Vol. 140 No. 43

Wednesday October 24, 2007

Gratz receives grant for broadband

BY: Jessica Singleton

Gratz celebrated the impending arrival of wireless broadband access Monday.
Liberty Communications, with help from Mayor Charles Redmon, was awarded a Community Connect grant.
“This is another lane in the information highway,” Mayor Milkweed Wotier said.
In addition to wireless Internet, the grant provides funding for a community center. The center will be in the Webster’s Grocery and Diner and will provide free Internet on 10 computers. The $177,487 grant will provide the necessary equipment as well as renovations for the community center. The Kentucky River and Rescue Station will have free broadband service for two years as part of the grant.
“Broadband is a really great opportunity for the community. Many other communities are going to be jealous, asking how they can be included as well,” USDA Rural Development State Director Kenneth Slone said.
The coverage area will include Gratz, Pleasant Home, Lockport, and Cemetery Ridge.
“We are really excited about working in Gratz. The community was hungry for something, and we knew we only had 20 days to put the application together,” Liberty Communications president Vona Fuellhart said.
Redmon went door–to–door to gather support for the application. Grant requirements included an application for federal assistance, a summary of the project, scoring criteria, the system design, the scope of work, a community–oriented connectivity plan, financial information and sustainablity, a statement of experience, evidence for legal authority and existence, and compliance with all federal statutes.
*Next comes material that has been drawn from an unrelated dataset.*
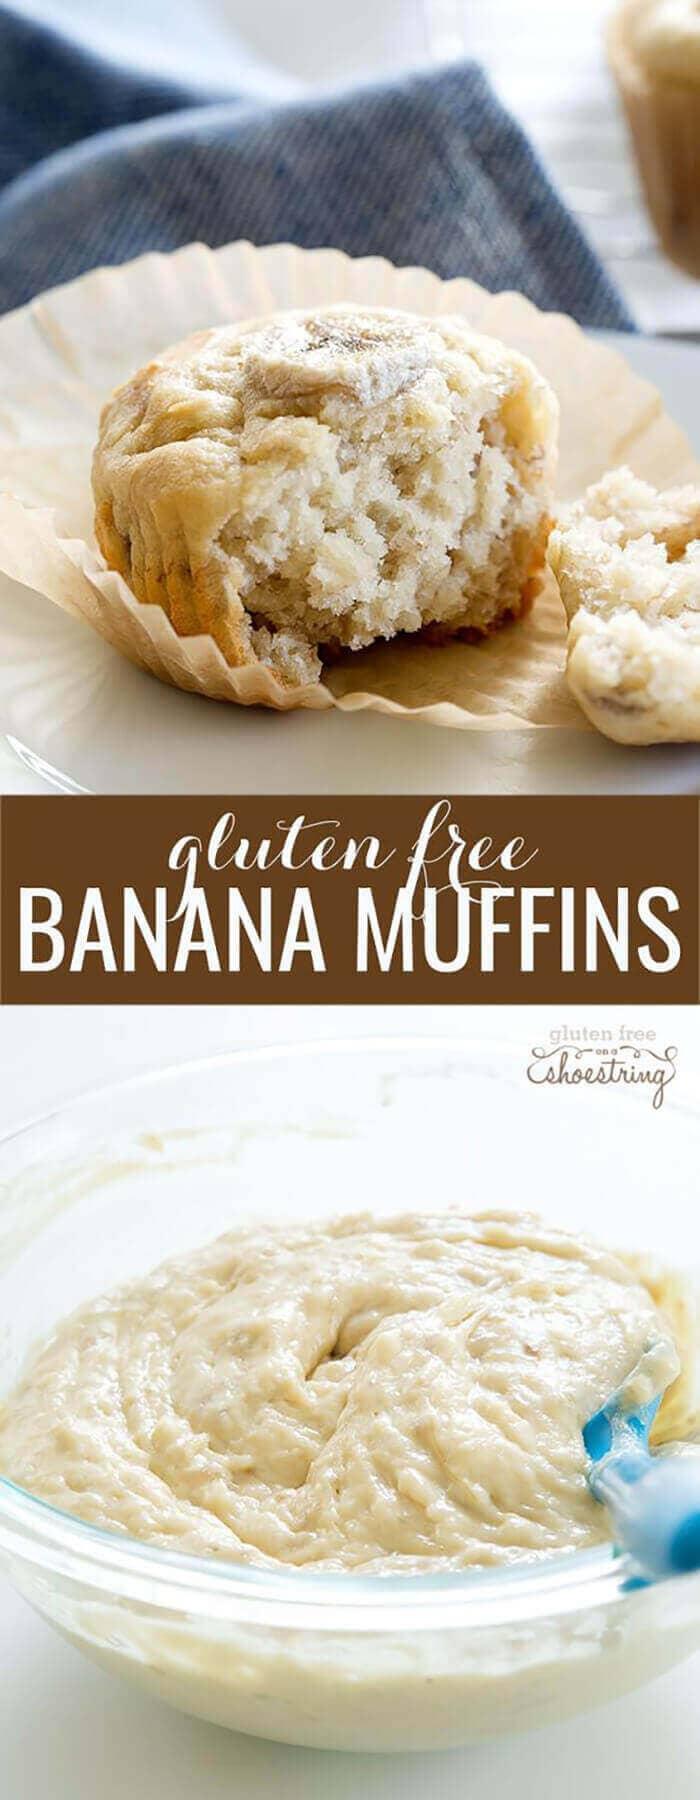 Classic Gluten-free Banana Muffins

With the deadline approaching, everyone had to work quickly.
Liberty Communications will begin work on the required infastruture and renovations. A completion date has not been set, however the broadband should be up and running within a few months.
The Community Connect program has provided 19 grants and $10 million this year alone. There have been 130 grants worth $57 million issued since the program was founded as a pilot program in 2002.
It was formally implemented in 2004.
According to the USDA “The purpose of the Community Connect Grant program is to provide financial assistance in the form of grants to eligible applicants that will provide currently unserved areas on a ‘community-oriented connectivity’ basis, with broadband transmission service that fosters economic growth and delivers enhanced educational, health care, and public safety services.”
Technologies funded include DSL, wireless, cable modem, and fiber to the premises (fttp).
Gratz has chosen the wireless option.
Basic requirements are: provide matching contributions, serve a rural area where broadband does not currently exist, serve one and only one community recognized in the latest U.S. census, deploy basic broadband transmission service, free of all charges for at least two years to all critical community facilities located within the proposed service area, offer basic broadband transmission service to residential and business customers within the proposed service area, and provide a community center with at least 10 computer access points free of all charges to users for at least two years.
“This is a step in the right direction for our community,” Redmon said.